WORK REQUEST ->
Restate word for word the lines of the records below, starting at the line that contains "business seminar speech" and ending at the line that contains "Design & Creative", with both of those lines included and nothing else.

Segment Start: GIVEN DATA

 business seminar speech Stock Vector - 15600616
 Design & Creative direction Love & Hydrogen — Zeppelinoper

Segment End: GIVEN DATA
Segment Start: GIVEN DATA

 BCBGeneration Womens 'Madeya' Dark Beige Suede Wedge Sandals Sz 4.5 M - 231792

Segment End: GIVEN DATA

EXERCISE OUTPUT ->
 business seminar speech Stock Vector - 15600616
 Design & Creative direction Love & Hydrogen — Zeppelinoper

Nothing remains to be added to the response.